Wildlife is a key component of Focus on Alston. Created at breakneck speed for Rambert Dance Company, this taut, urgent sextet features an explosively exotic score by Nigel Osborne and a zigzag design of oversize kites by Richard Smith that heightened the angularity of the movement. Alston Takes Cover (Wed 19 – Sat 22 October at The Place) a trio of young choreographers – Tony Adigun of Avant Garde Dance, Rachel Lopez de la Nieta of Dog Kennel Hill Project and the duo Igor Urzelai and Moreno Solinas of the international collective BLOOM! – will be given the opportunity to present their individual takes on Wildlife via short dances made in response to the Alston original.

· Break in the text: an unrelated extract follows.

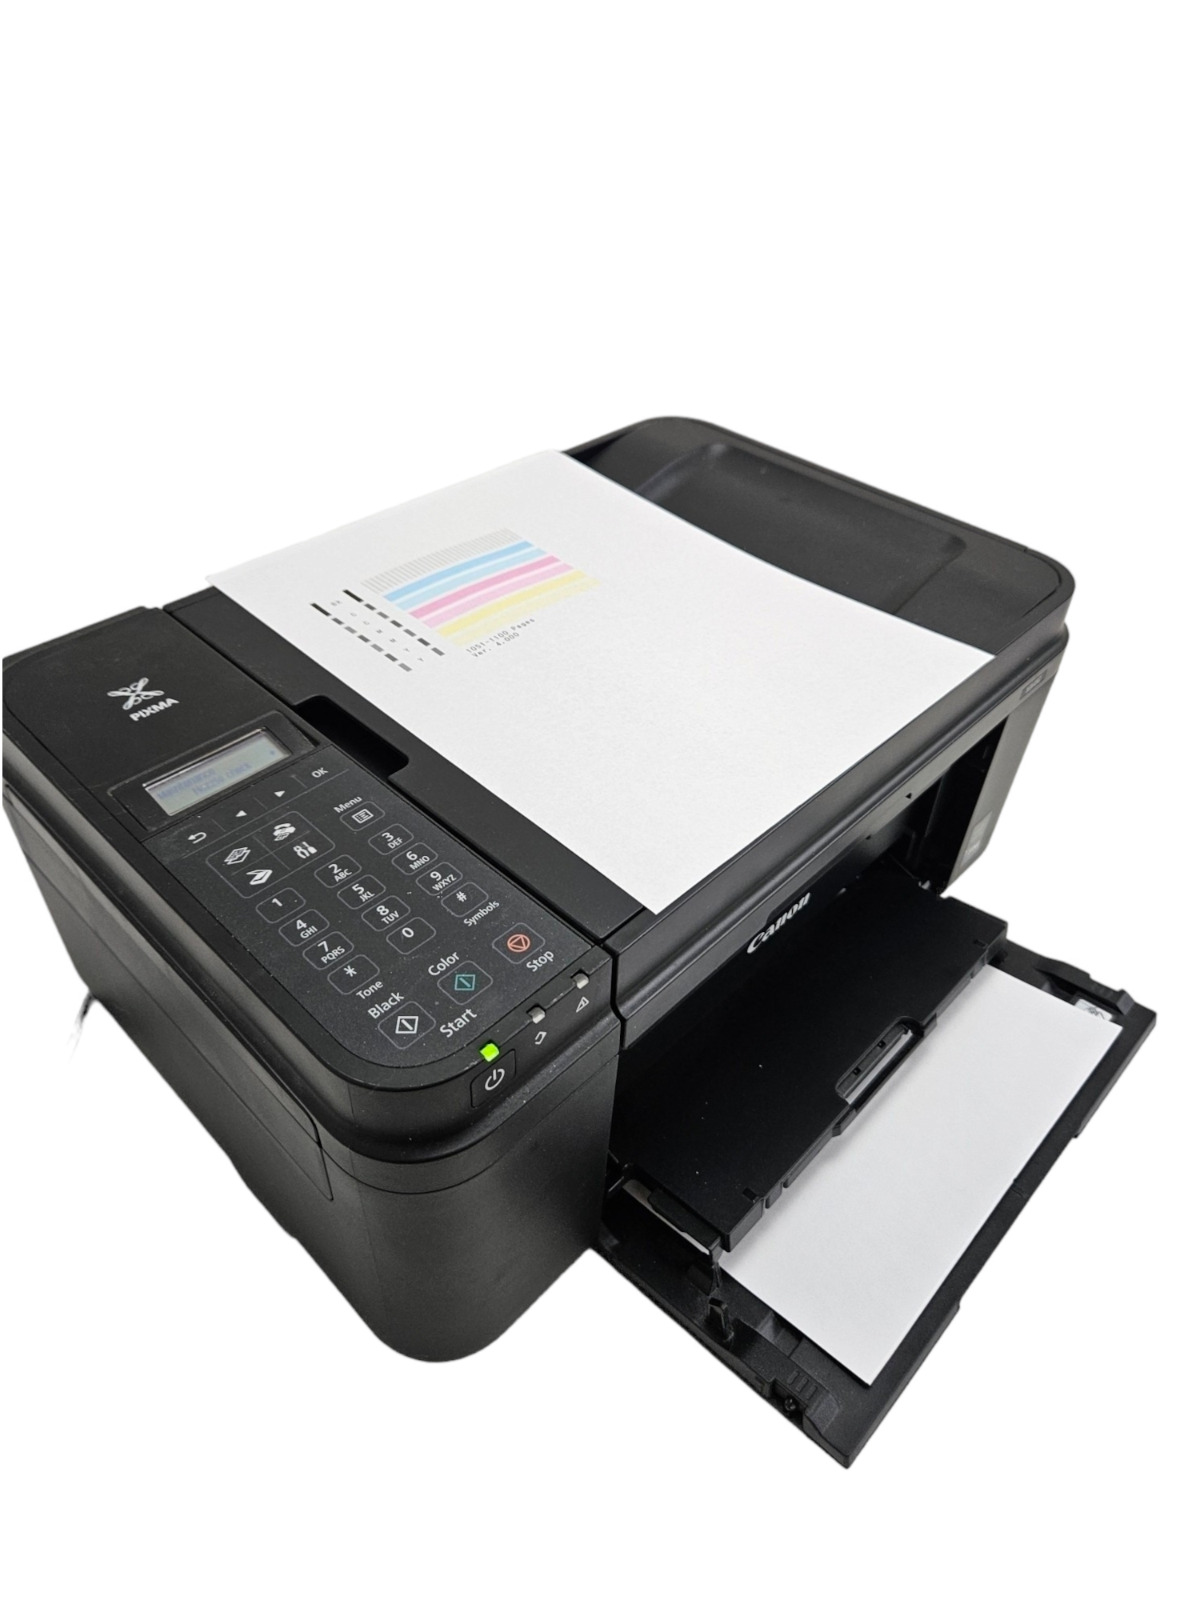 Canon Pixma MX490 MX492 Wireless All-In-One Printer Scanner Copier and Fax

Alston will also return to Wildlife, along with several other seminal dances, as part of an evening at The Place dubbed Richard Alston At Home (Wed 19 – Sat 22 October at The Place). The bill includes a new work from company mainstay Martin Lawrence, a revival of a sextet by Alston’s now-octogenarian mentor Robert Cohan, a new piece by Alston himself set to Mozart’s Piano Sonata No. 15 and a collage of extracts from his vast body of work entitled Early Days. Along with tantalising bits of Wildlife and the 1980 dance Rainbow Ripples, the latter will include sections of Something to Do and Still Moving Still. Mainly reconstructed from memory (“There was no videotape in those days,” Alston says), these last two were among the first professional dances he ever devised. The first has a text by Gertrude Stein, while the other apparently makes use of a suitcase and a 12-foor-aluminium pole.  “I won’t say any more so I don’t give the game away,” Alston says with just a hint of mischief before adding, “I think it’s quite good to show people how simple my work could be.”

Alston Takes Cover is co-produced by Dance Umbrella and The Place.